1次産業というと長期にわたって、「きつい・稼げない・汚い・かっこ悪い・臭い・結婚できない」6K産業(あるいは3K産業)だと言われています。特に後を継ぐ人がいない=後継者不足問題は深刻です。その結果、日本の食品産業は衰退の一途をたどっています。そんな食品産業をどうにかしたい!そんな想いを持ち、立ち上がったのが株式会社カンブライトです。

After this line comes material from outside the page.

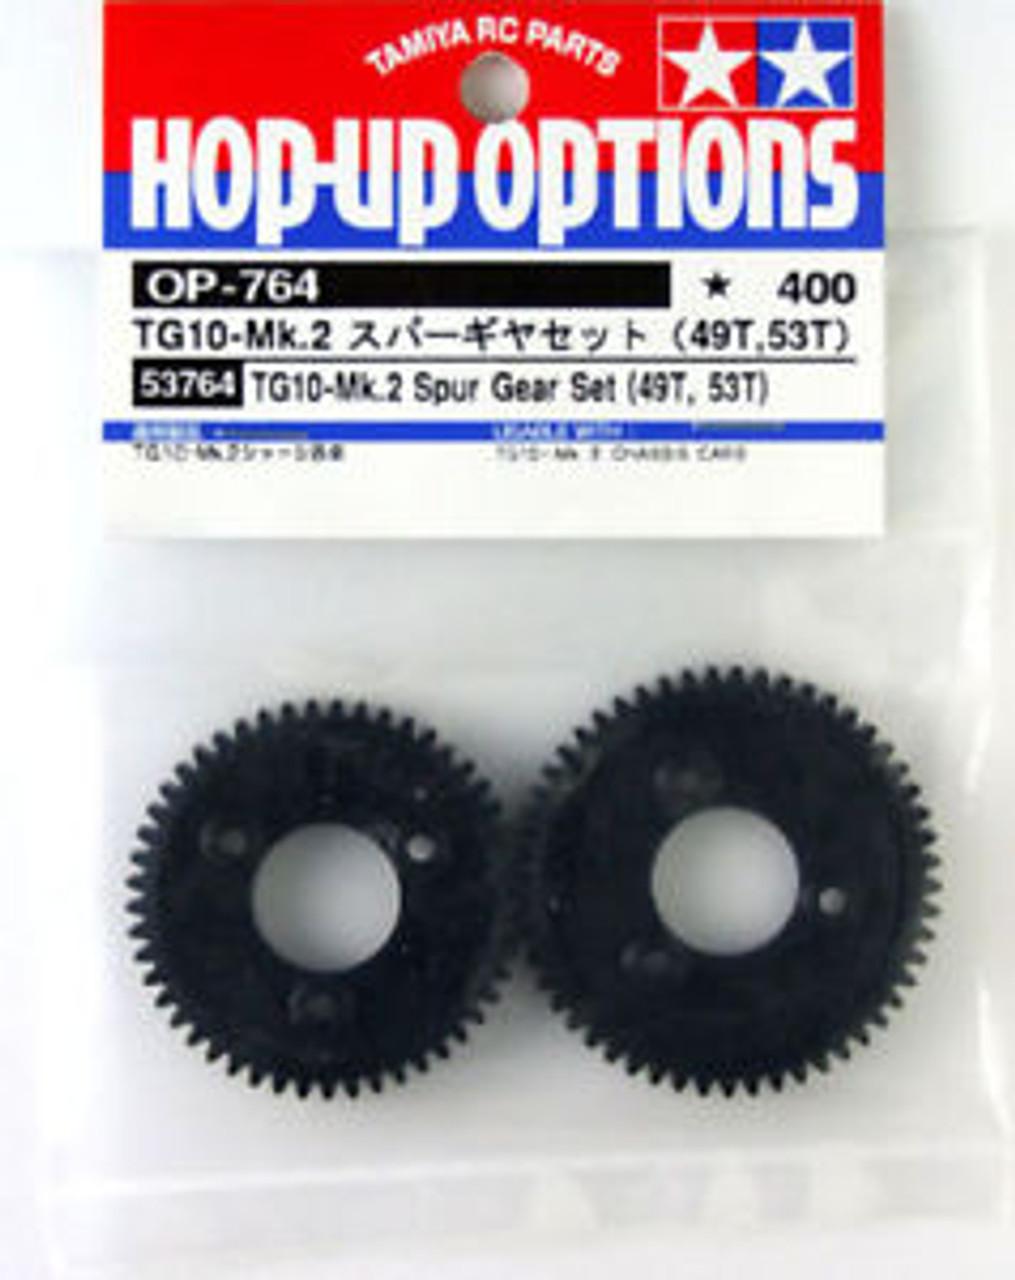 OP764 TG10-Mk.2 Spur Gear Set 49T,53T Tamiya 53764

衰退の要因はシンプルに「儲からないからである」と株式会社カンブライト代表取締役の井上氏は述べています。逆に、食品産業の仕事が儲かれば、働き手が増える。ではどうすれば、食品産業事業者は稼ぐことができるのでしょうか?

そもそも、これまでの大規模な食品産業の構造だと、小規模な食品産業事業者に3つの課題が重くのしかかっていました。1つ目は、生産地から加工場までの物流コスト・賞味期限が切れる廃棄リスク。2つ目は、安価で大量消費されることによる食品価値の低下。3つ目は少量からの加工ができず、大量生産すると在庫リスクを抱え、どこにでもある商品になる。これらの課題が食品産業にあったのです。これらの課題を解決するためカンブライトは3つのアプローチを提案しています。

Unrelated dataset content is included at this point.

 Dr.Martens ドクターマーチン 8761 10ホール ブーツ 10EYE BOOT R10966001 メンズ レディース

まず、1つ目の物流コストと廃棄リスクに対しては、缶詰にすることにより、常温保存で長期保存が可能となり解決することができます。次に、安価で大量消費されることにより低下した食品の価値に対しては、小さく仮説検証して消費者ニーズを掴む売れる商品にすることで、高付加価値で売れる商品に育てていきます。そして、少量からの加工は受け付けられず、大量生産後の在庫リスクに対しては、小ロットから加工ができるスマート工場を展開してネットワーク化し、産地近くの工場で加工していくことで解決されます。これらのアプローチにより、小規模な事業者は、食品の価値を落とさずに食材の美味しさを提供することが可能になるそうです。

現在、缶詰の共創開発とスマート食品工場パッケージという食品工場の立ち上げから運用支援までケアしてくれるサービスが主なサービスですが、実際に開発した缶詰を販売する「ひとかん京都本店」が昨年11月に京都市内にオープンしました。オープンを記念して、新商品「京都雅缶シリーズ」5種類が発売され、使用されている食材は、京丹後市で水揚げされた松葉ガニや久美浜湾のカキ、宮津湾のタコなど厳選された食材が使われているとのこと。これは一度食べてみたいものですね。

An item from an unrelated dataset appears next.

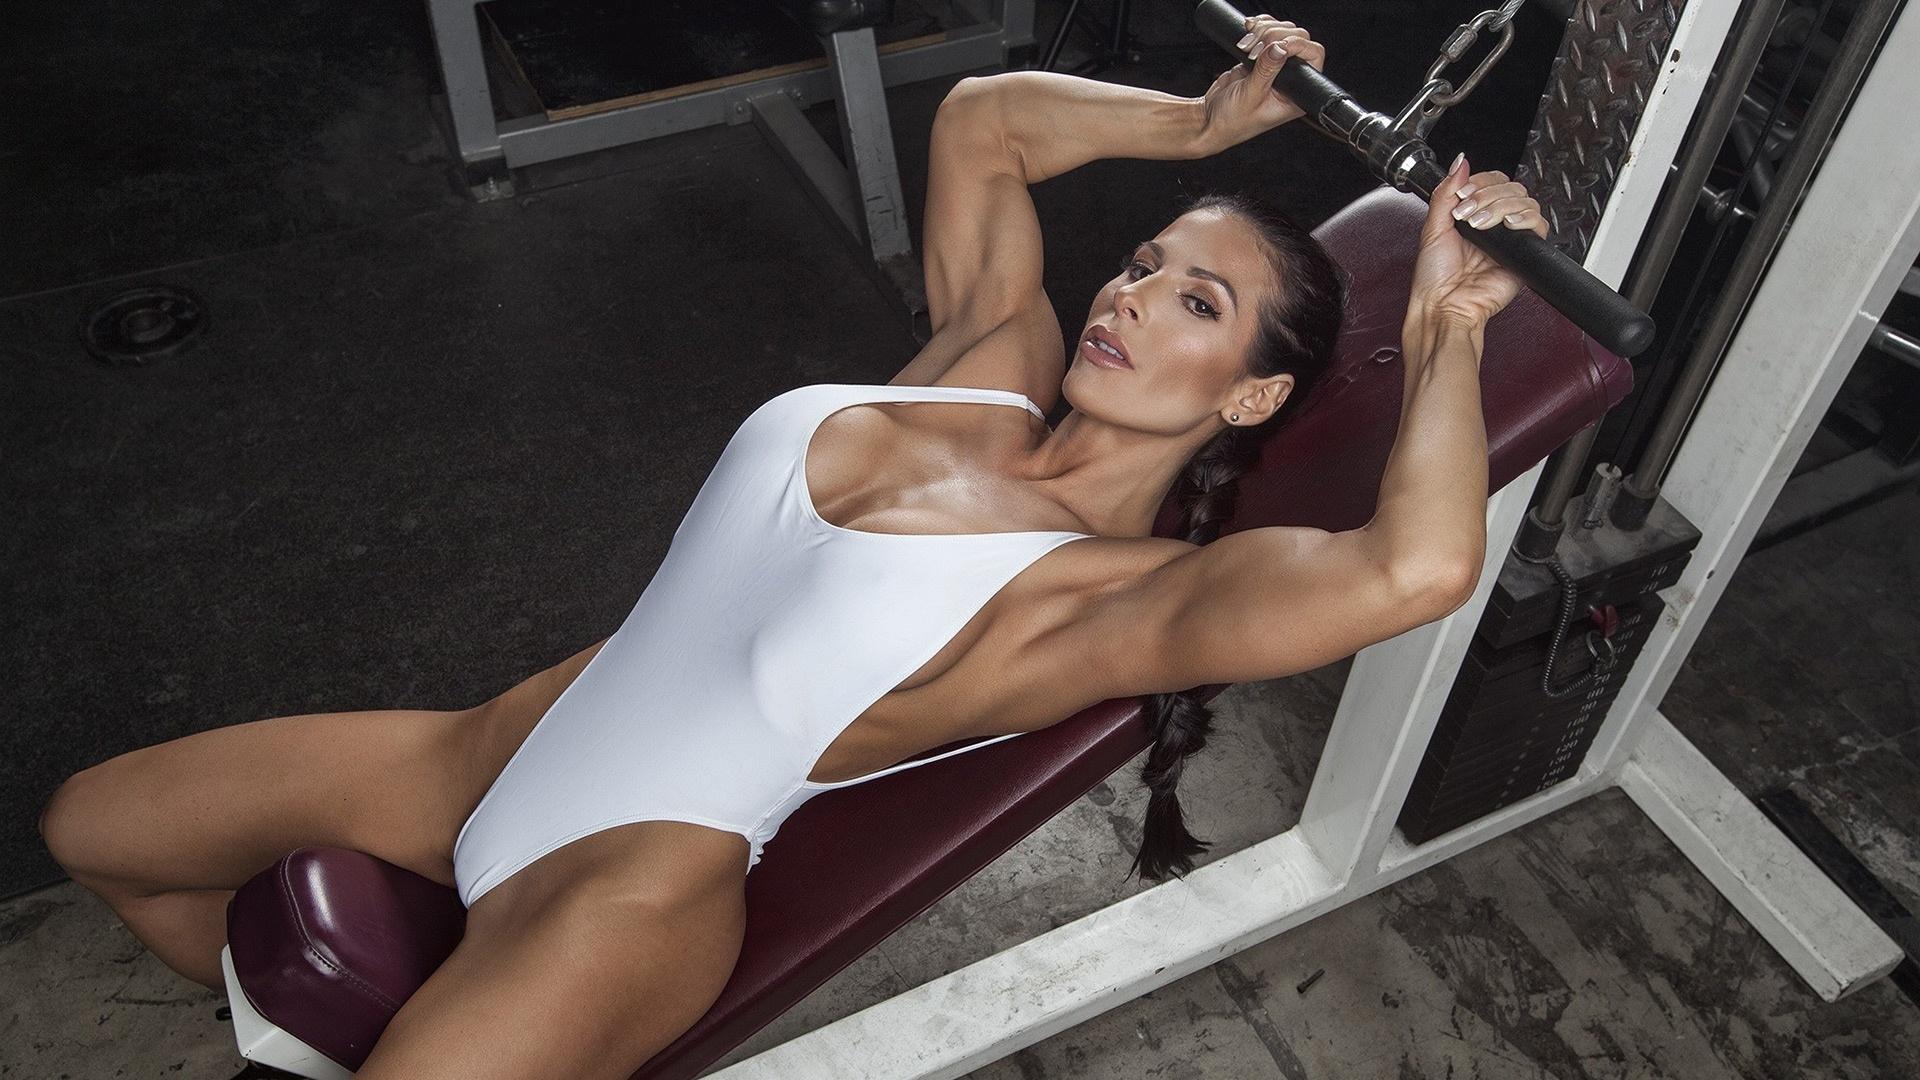 nude fitness modell pornostars

食品としての価値は高いが、そのままでは利用価値が低かったり、大量生産するには量が少なかったりする食材を廃棄するのはもったいないですよね。そんなとき、近くに小ロットから加工できる缶詰工場があれば、食品ロスも防げて、美味しく食べられ一石二鳥ですね。ひとかん京都本店は、アクセスの良い京都府中京区にありますので、京都を訪れた際は、立ち寄ってみては。

Photo:株式会社カンブライト

(エコイスト編集部)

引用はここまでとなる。